Word for word, copy the entire listing below, but do not carry over any pictures.

→ **SOURCE DATA**:
###

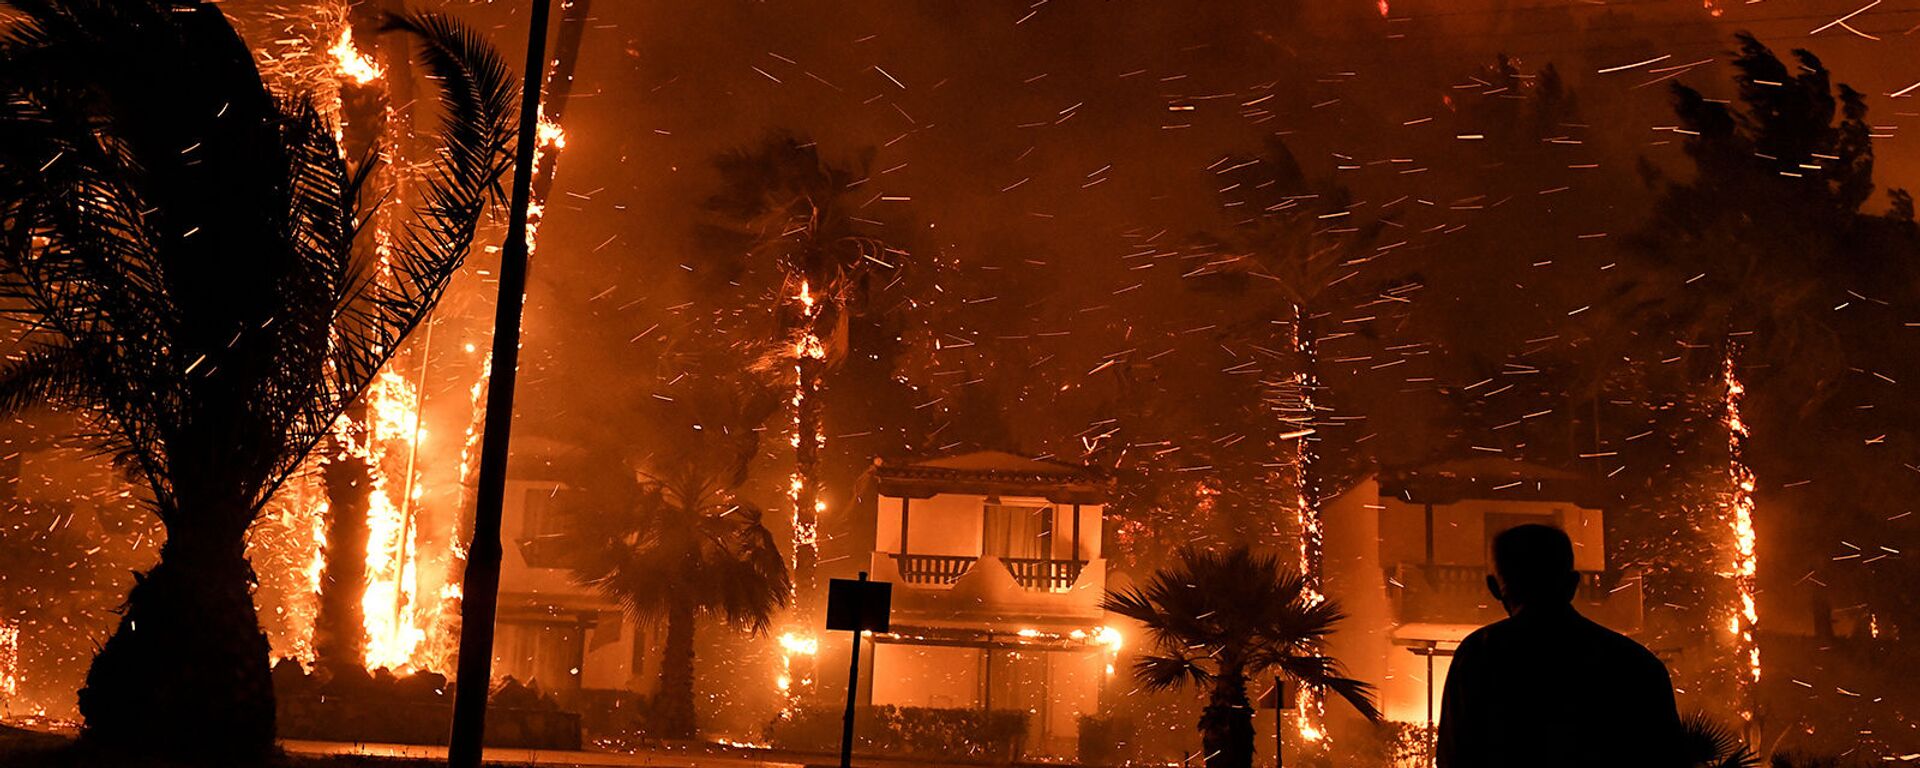 Местный житель среди горящих от лесного пожара домов в деревне Схинос (19 мая 2021). Греция - Sputnik Արմենիա, 1920, 21.05.2021
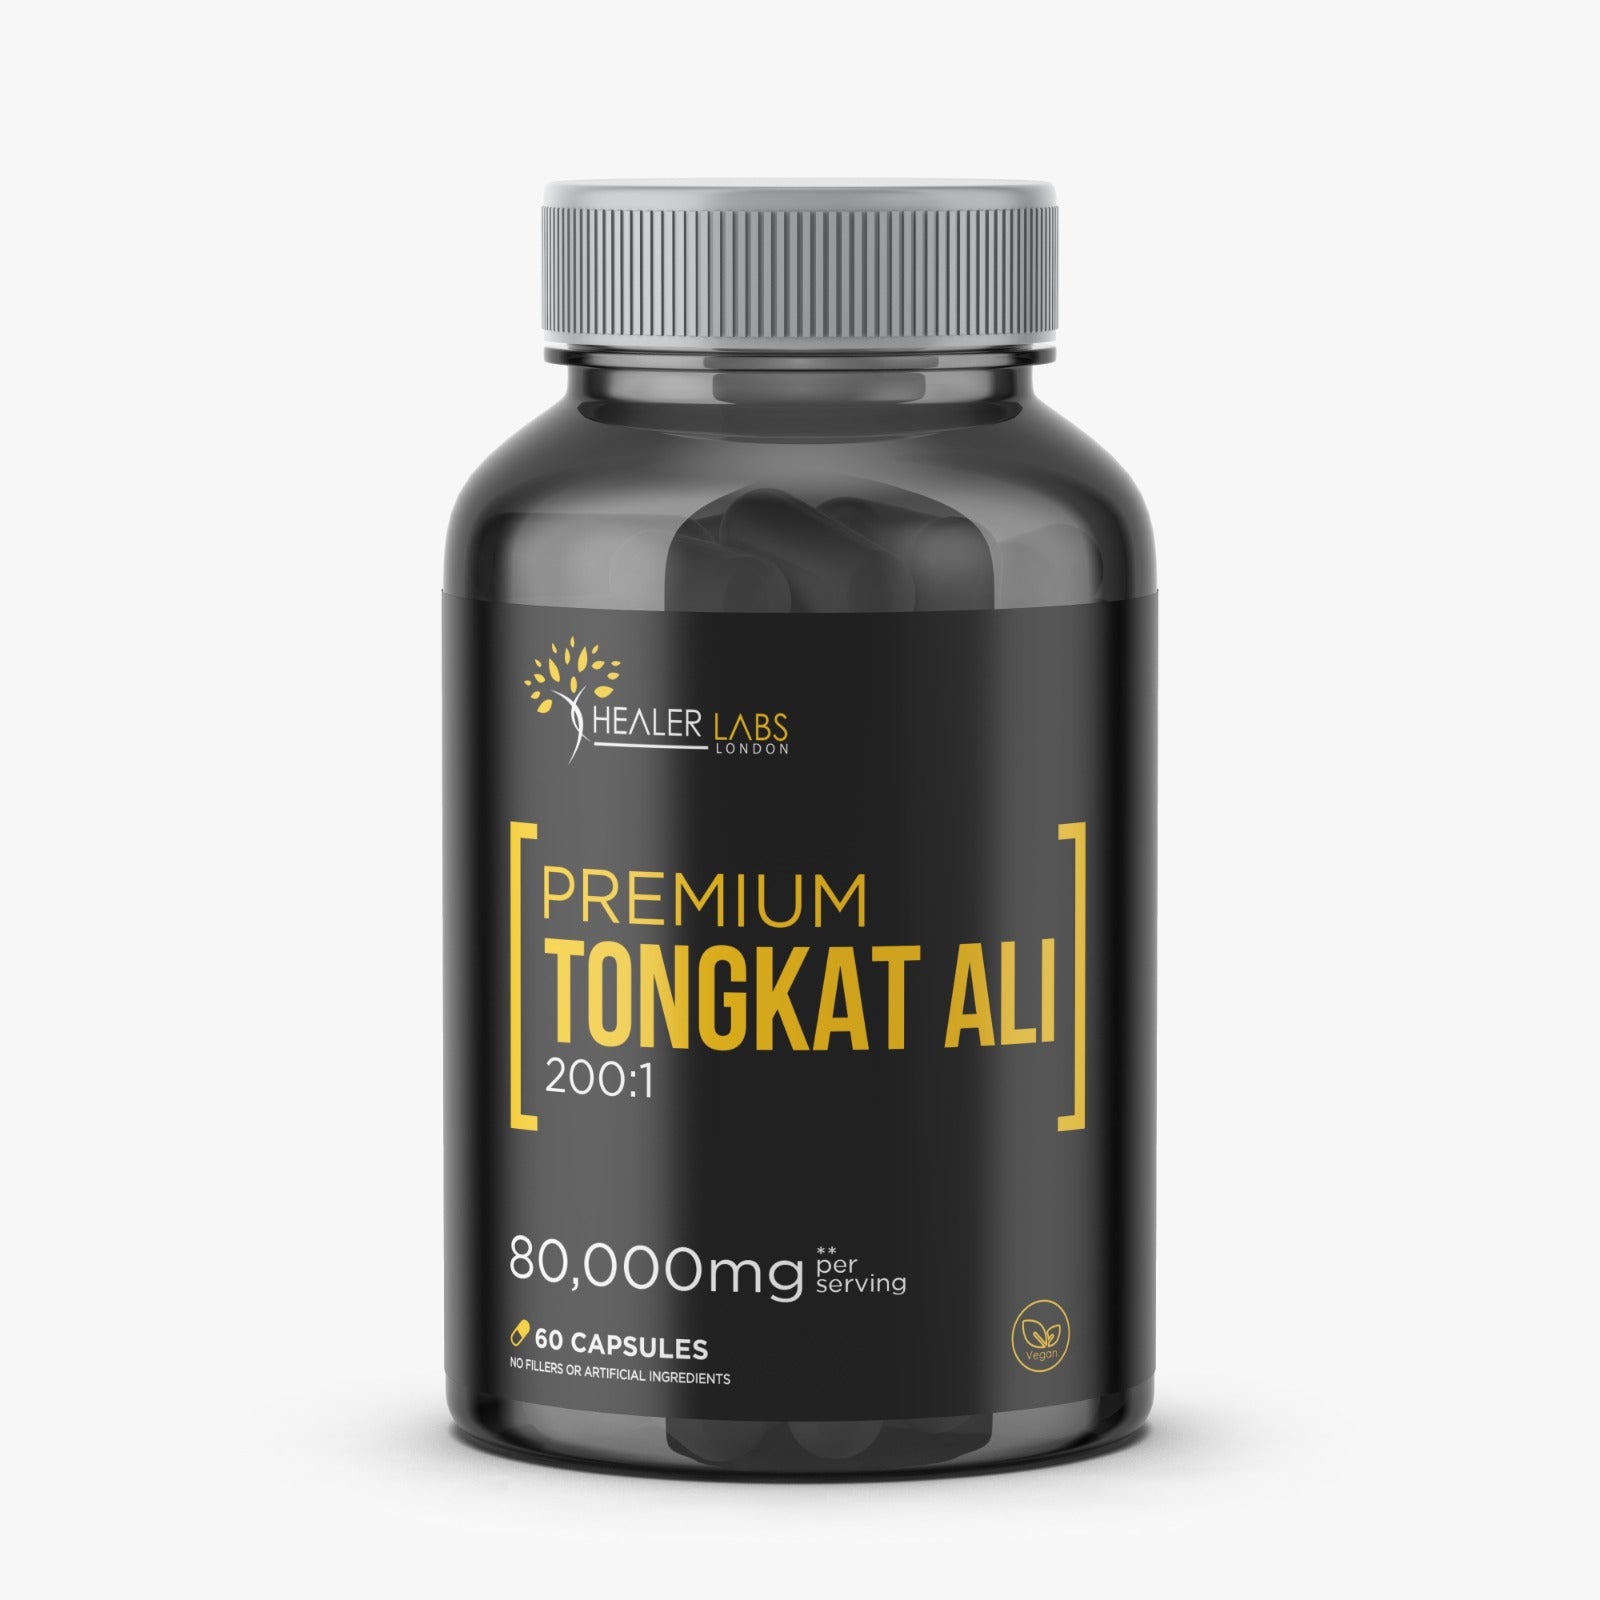 Premium TongkatAli 200:1 Extract -  Healer Labs London
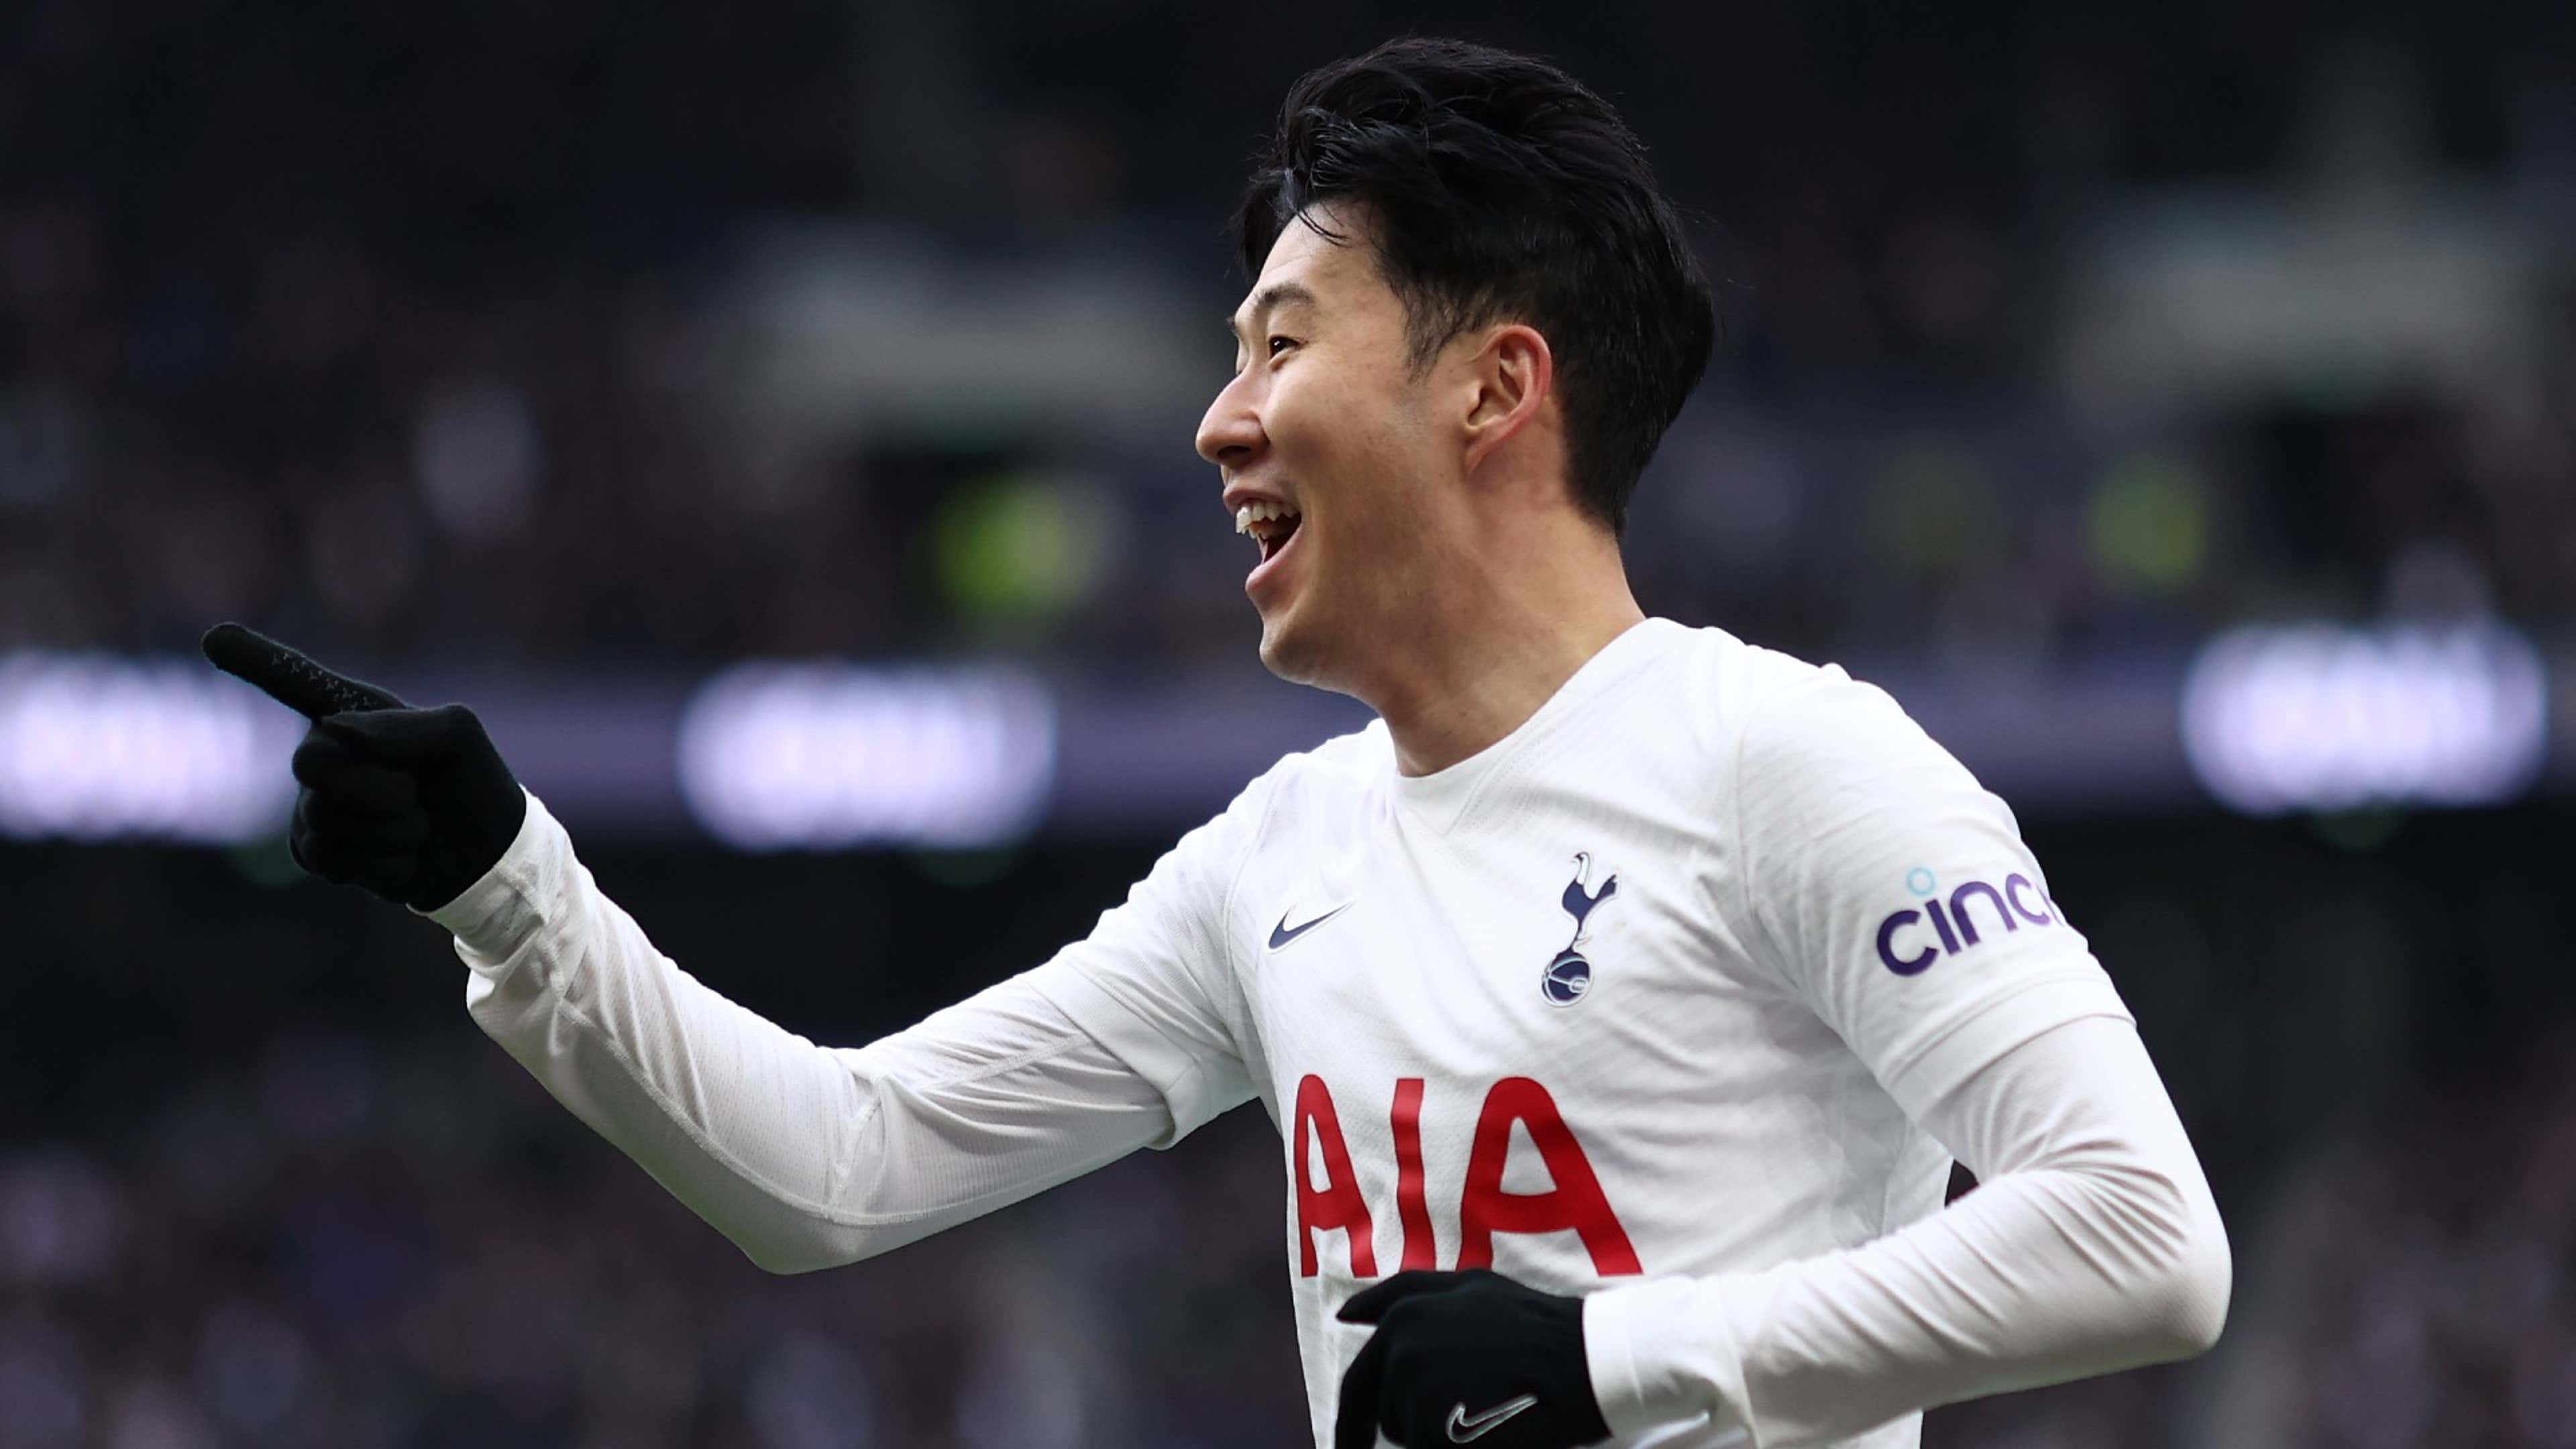 Son Heung-min receives 'best performance' award as Tottenham star

###

→ **OUTPUT OF THE TASK**:
 Местный житель среди горящих от лесного пожара домов в деревне Схинос (19 мая 2021). Греция - Sputnik Արմենիա, 1920, 21.05.2021
 Premium TongkatAli 200:1 Extract -  Healer Labs London
 Son Heung-min receives 'best performance' award as Tottenham star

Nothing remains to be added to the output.